A new minigame has been added to Danganronpa in the sequel. This game, called Logic Dive, puts Hajime on a board as he travels down a course to obtain the correct answers to questions. The course consists of holes to jump over, ramps to travel across gaps, and obstacles to knock Hajime down. After a few segments of the course, a question pops up with the answers leading to various paths. Only the correct answer will allow Hajime to continue. Logic Dive does what Hangman's Gambit did in the first game: it gives you a little bit of variety and change up from the trial while continuing the trial along, and I appreciate it for that.

There is one final, small change, but it's worth noting none the less. The Closing Argument has been changed just slightly. Rather than being given all of the pieces to fill in the blanks, players only receive five or less (depending on your difficulty). This forces you to think more about the correct order and less relying on using context clues with all of the pieces there, making it just a little bit more challenging and rewarding. 

Once the trial is over and the blackened punished it's back to school life. The continuous loop feels very familiar to the first, which isn't a bad thing, but Spike Chunsoft has done a great job of playing with the players expectations in the sequel. Though it starts off slow, the story has several, well placed twists that help elevate it above it's predecessor. Several characters have deeper hidden darknesses behind them and the overall connection to the first game is pretty incredible. Interestingly enough, several burning questions from the first game are answered, but much like a hydra with it's head chopped off, several more queries have sprouted up to replace them. The series has some great depth that isn't fully realized until after you beat the game, and I am personally excited to see what Spike Chunsoft has to offer next. 

That being said, if you have not played the first game in the series this is a terrible jumping off point. The crux of almost all of the twists rely on players being familiar with the story of the first game as well as the characters involved. Hell, one of the 'new' characters is from the original game, and the enjoyment of his dialogue and his importance to the plot can only be fully realized if you understand what happened in the first game and why he is so important to that story.

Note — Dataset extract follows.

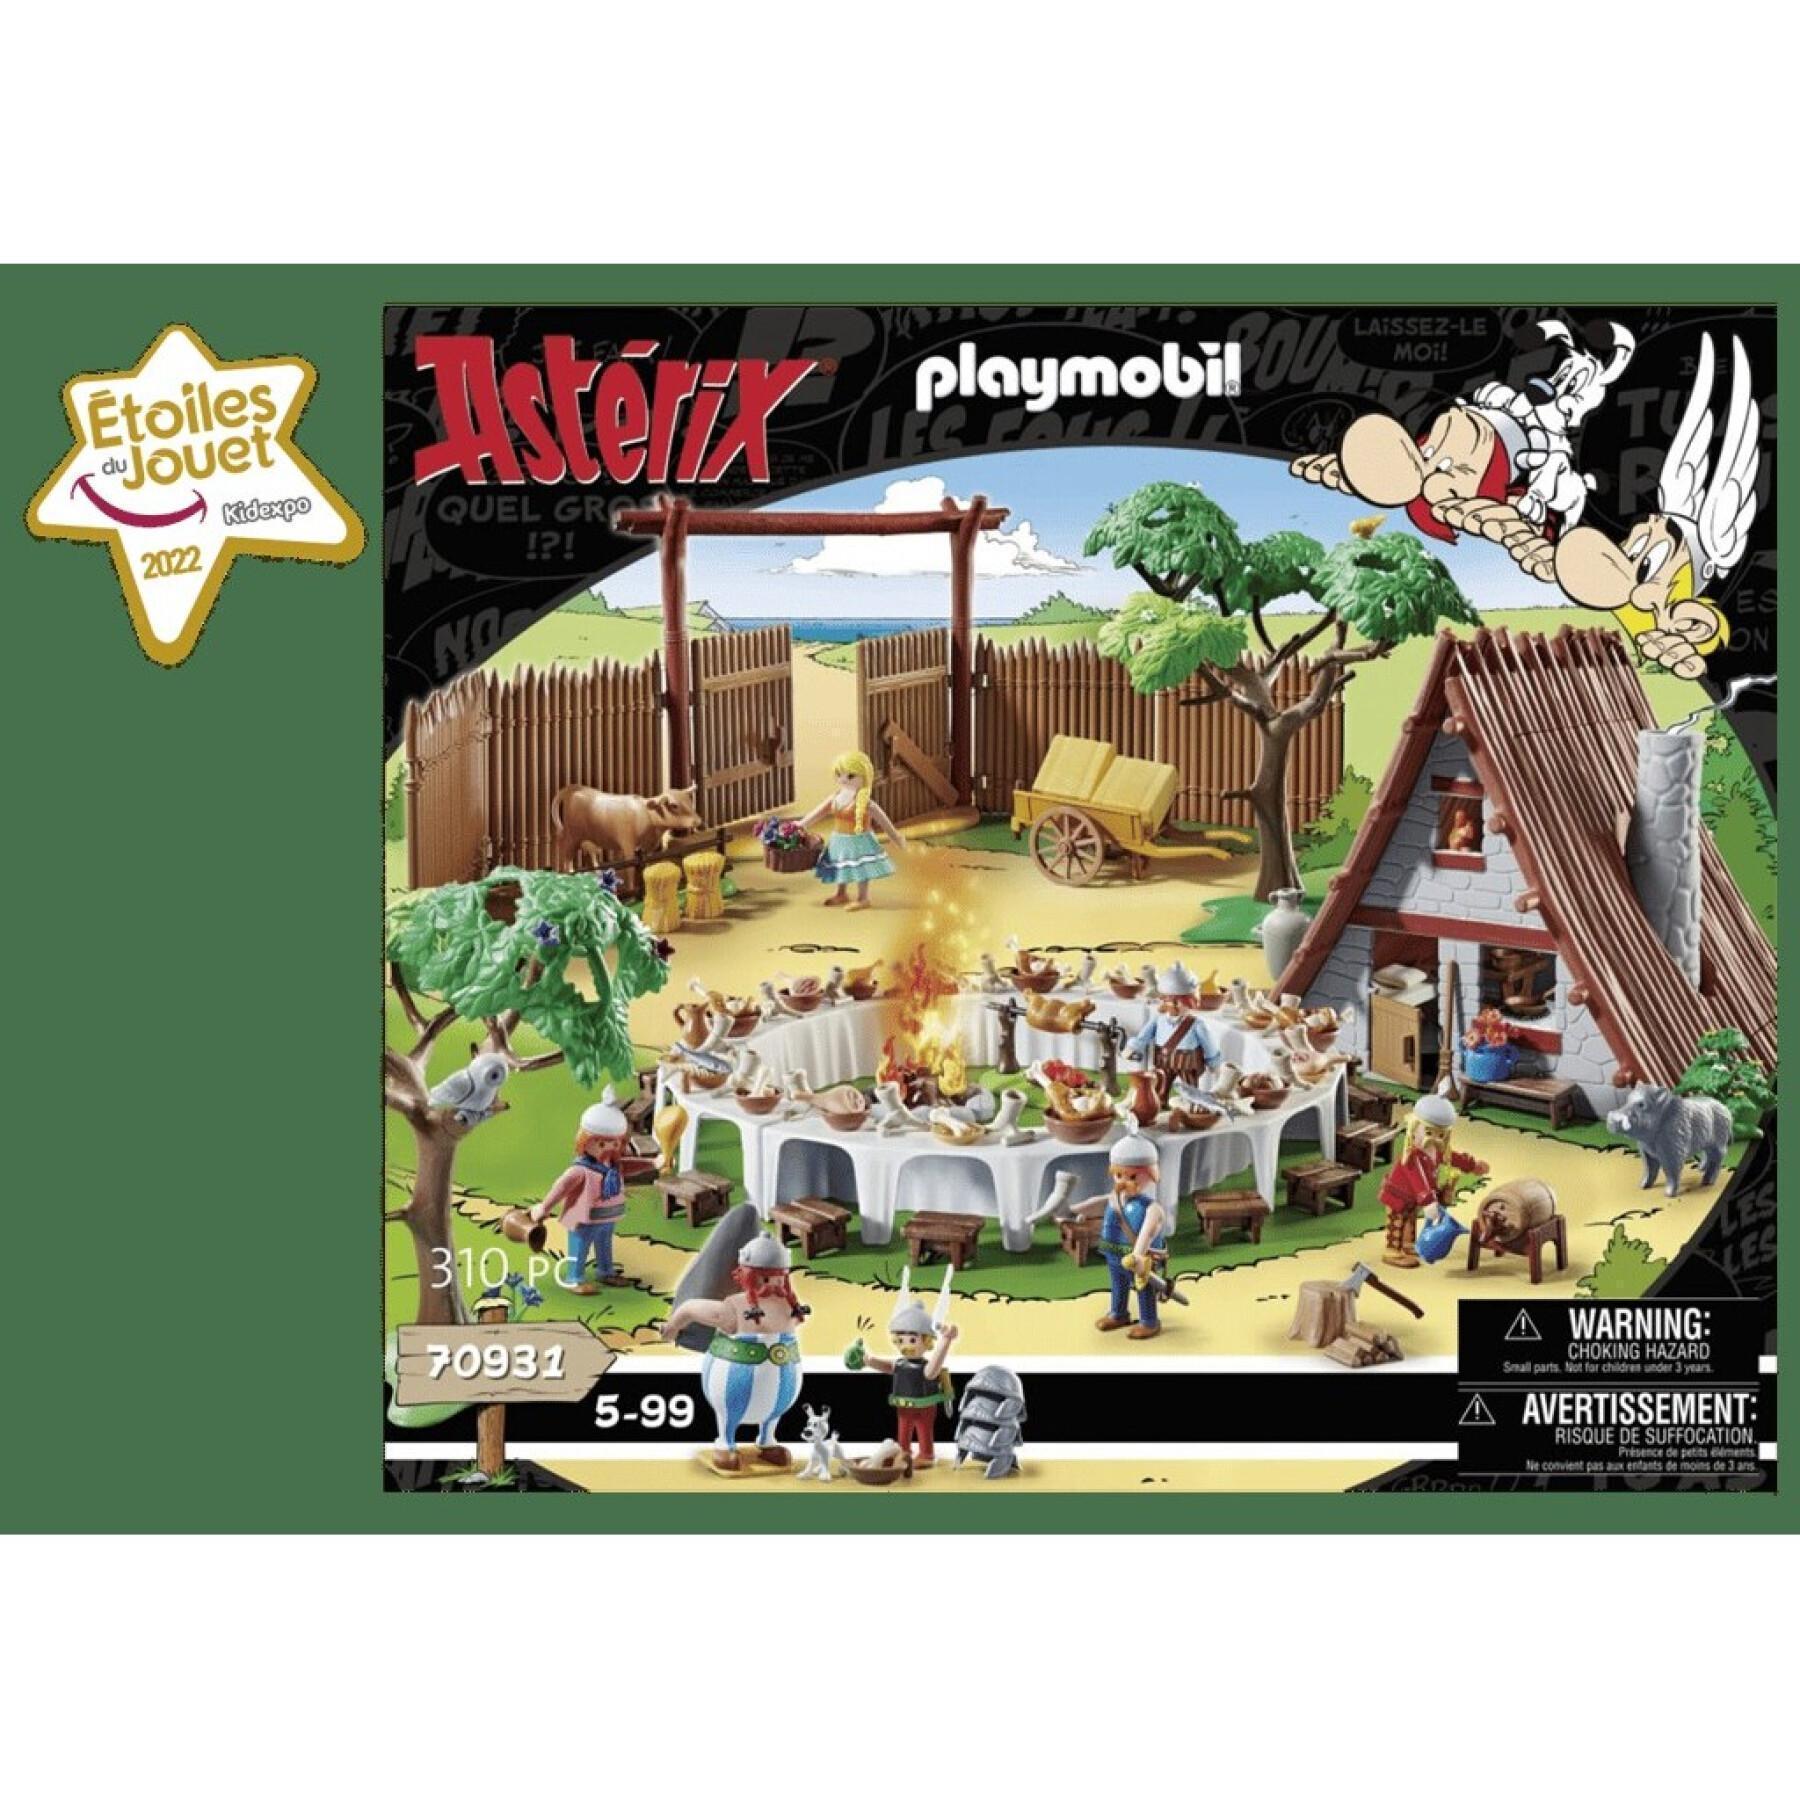 Banquete en la aldea de Astérix Playmobil

After the game is over there is a variation of School Mode, dubbed Island Mode. Just like in the previous game, Hajime spends time with his fellow classmates, getting to know them while also collecting supplies and creating items for Monomi (rather than Monokuma). I enjoy this mode, but similar to my complaints for the first game, the mode feels awkwardly placed. On the one hand, placing it within the story would throw off the pacing and feeling of being constantly hounded by your classmates deaths, but would also make it less of an add on. However, keeping it as an added mode after the story maintains the feeling of despair the story builds while also allowing those not interested to skip it all together. I almost wish there were just a way to cut down the content of Island Mode and slide it into the story so you don't have to play it over and over again just to learn about every character, but it seems like there just isn't a way to do it cleanly. 

The show must go on!
Overall, the new systems of the game brought down Danganronpa 2 to start, but as I came closer to the end it became easier to realize how great this sequel is. Despite some pacing issues and annoying new tweaks (please bring back the original Hangman's Gambit) the game tells a great story and has even better murders to solve than the first. With its intersting narrative, intriguing characters and a diabolical antagonist, Dangronpa 2: Goodbye Despair is the perfect time sink for fans of the franchise looking to continue the deep story telling and thought provoking mysteries. The franchise has some real depth if they can keep up this intricate, interesting story, and the wait for the next game seems even longer now.